About the positive transference, Freud regarded it as an unobjectionable phenomenon and insisted that it enabled a therapist to provide a client with a sense of trust or safety which built a preferable relationship between the client and therapist. On the other hand, Freud raised an alert over the negative transference. He argued that a therapist must intervene in and remove it if the transference comes up in the session. Otherwise the therapy session will not work for a client. Likewise the negative transference, Freud warned that the erotic transference had a negative impact on the therapy session. Although it is sometimes recognized as a kind of the positive transference, Freud explained that “if those feelings persisted in spite of the analyst’s best effort to convert them to analyzable material, there was nothing to do but refer the patient to another therapist” (Kahn, 2002, p.186). Thus, a therapist should have a competency to discern the type of transference. 
Reference
Basic Freud: Psychoanalytic Thought for the 21st Century

Primary Model of Pathology in Psychoanalytical Force

              Regarding the primary model of pathology in 2nd force, I’d like to describe the Freudian view of pathology in the following.

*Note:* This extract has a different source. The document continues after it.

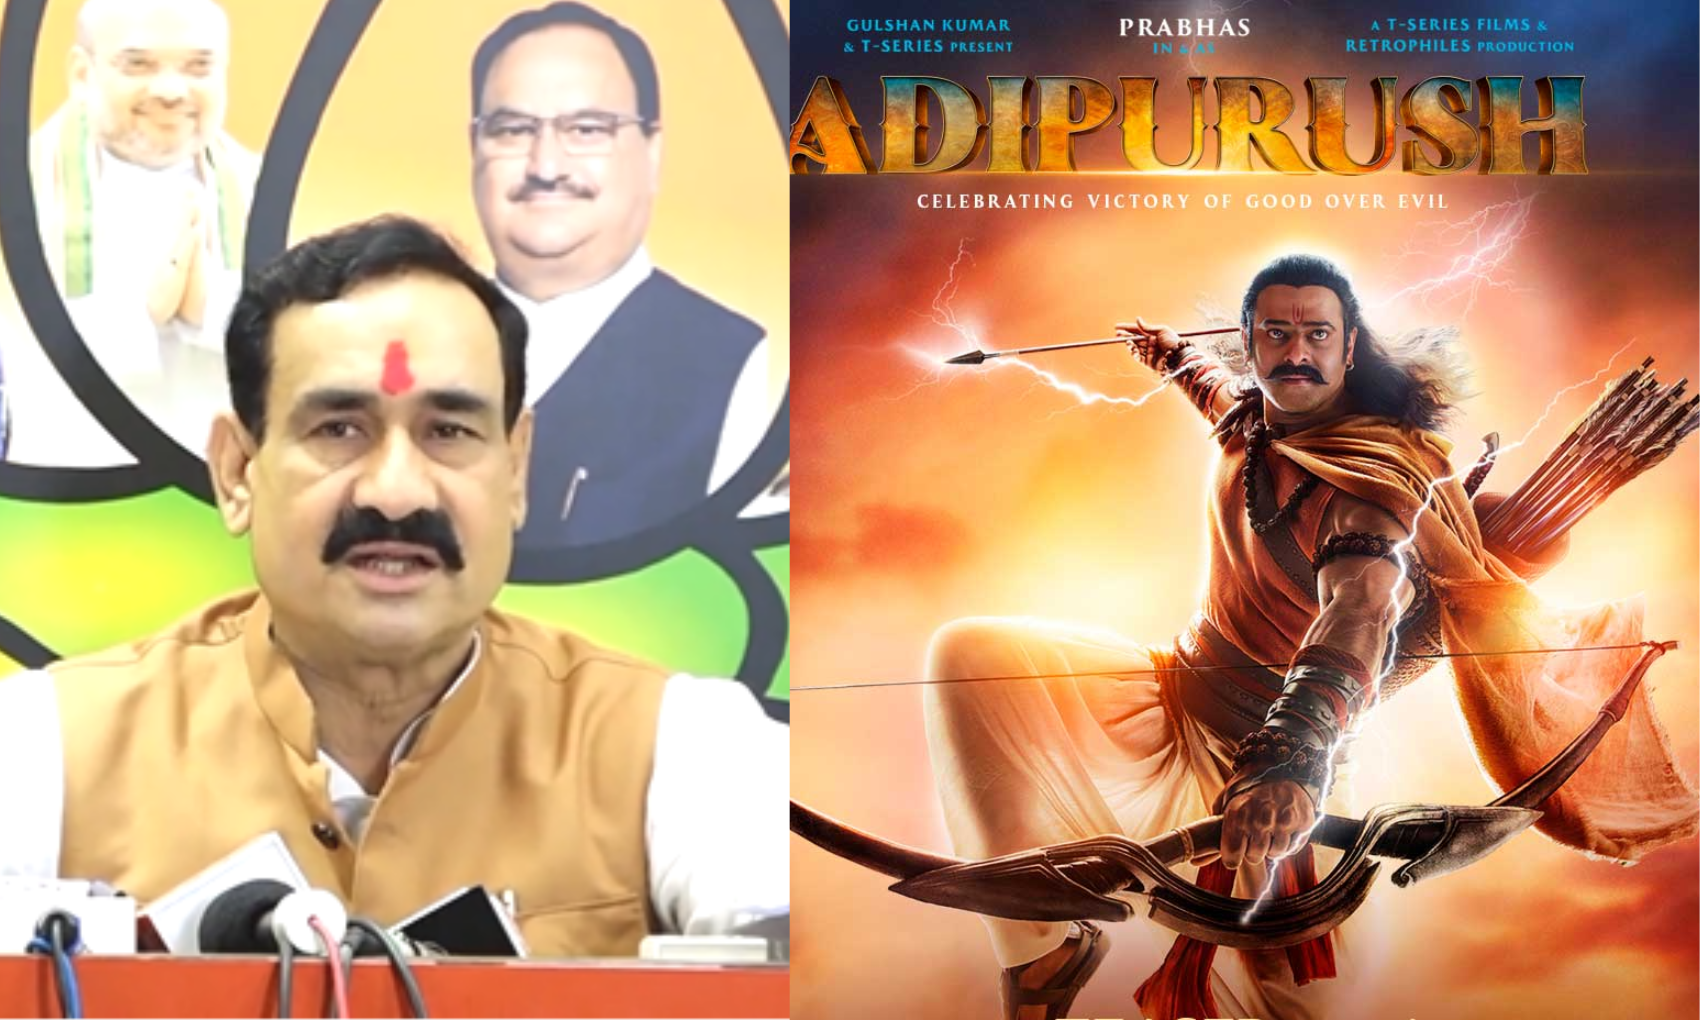 रामायण पर बनी फिल्म ‘आदिपुरुष’ को लेकर बढ़ता जा रहा है विवाद! BJP नेता नरोत्तम मिश्रा करेंगे कानूनी कार्रवाई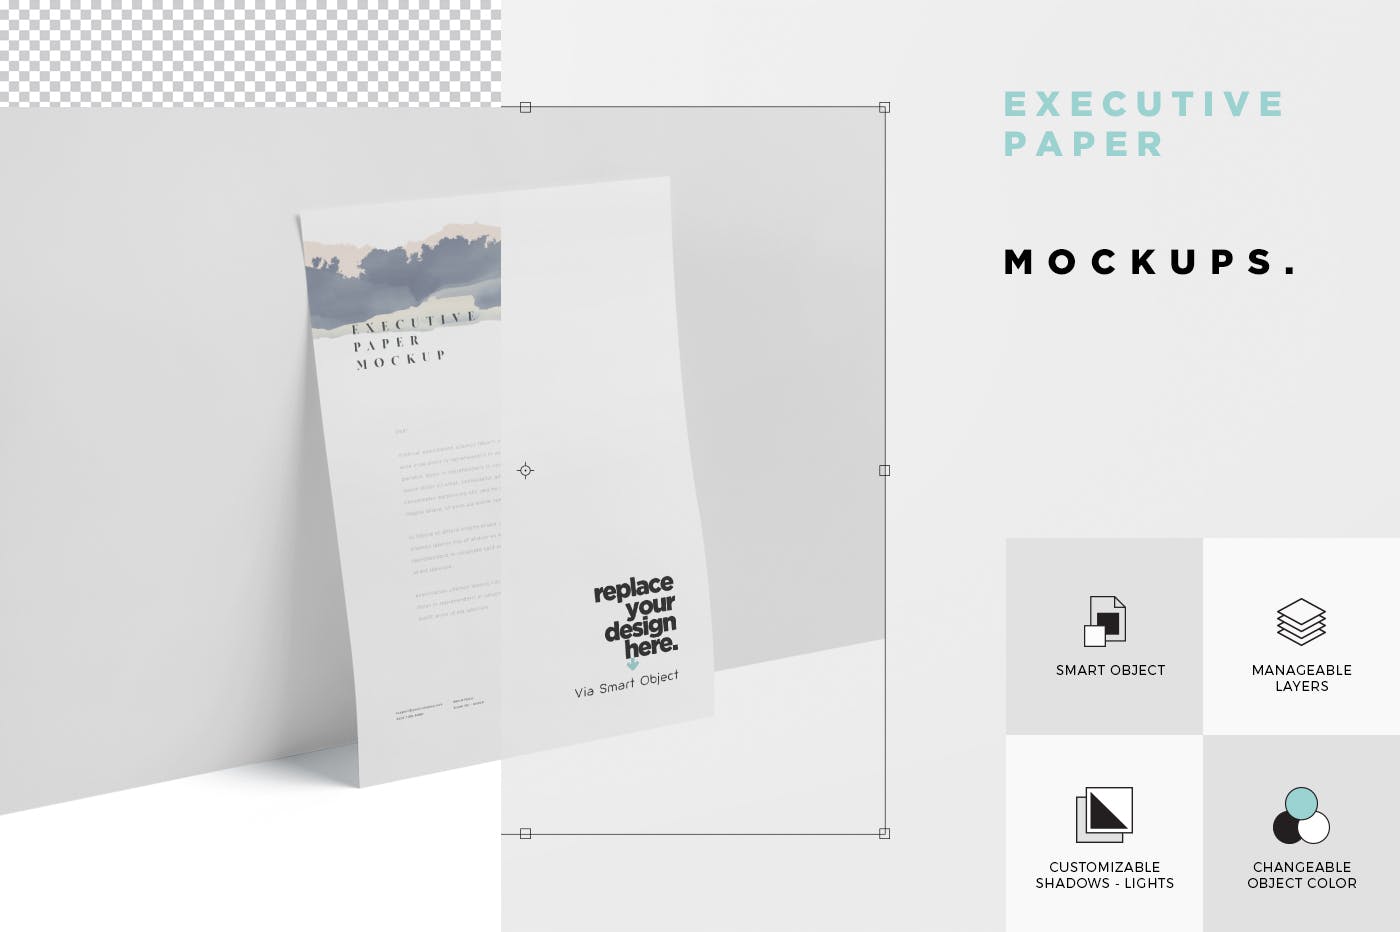 企业宣传单张设计效果图样机普贤居精选 Executive Paper Mockup – 7×10 Inch Size插图(5)

              As for the key concept of a Freudian view of pathology, Munroe (1955) explicates that “the idea of the symptom as an adaptive mechanism has become a commonplace and that its cure is always envisaged as handling of the underlying (typically unconscious) dynamics rather than the symptom itself” (p. 280). In other words, Freudians regard a symptom of our mental illness as a kind of an adjustment mechanism to protect our “self” from the external world. Moreover, the characteristic of a Freudian view about treatment of pathology is that they often don’t focus on the symptom itself but our unconscious realm.

The Oedipus complex is one of the well-known pathological symptoms in Freudian views related to our unconsciousness. To explain the overview of this symptom, the Oedipus complex is that “all boys experience the unconscious wish to get rid of father and replace him as mother’s lover, and that all girls carry the unconscious wish to eliminate mother and replace her as father’s lover” (Kahn, 2002, p. 57). In this example, Freudians don’t pay attention to the superficial phenomenon (all boys and girls tend to have the desire to obliterate the existence of their father or mother.) but attempt to elucidate the mechanism by shedding light on our repressed unconsciousness. Although Freudians are likely to reduce our pathology into the issue of only our repressed unconsciousness, it is highly estimable for them to clarify the relationship between some pathologies and human unconscious realm.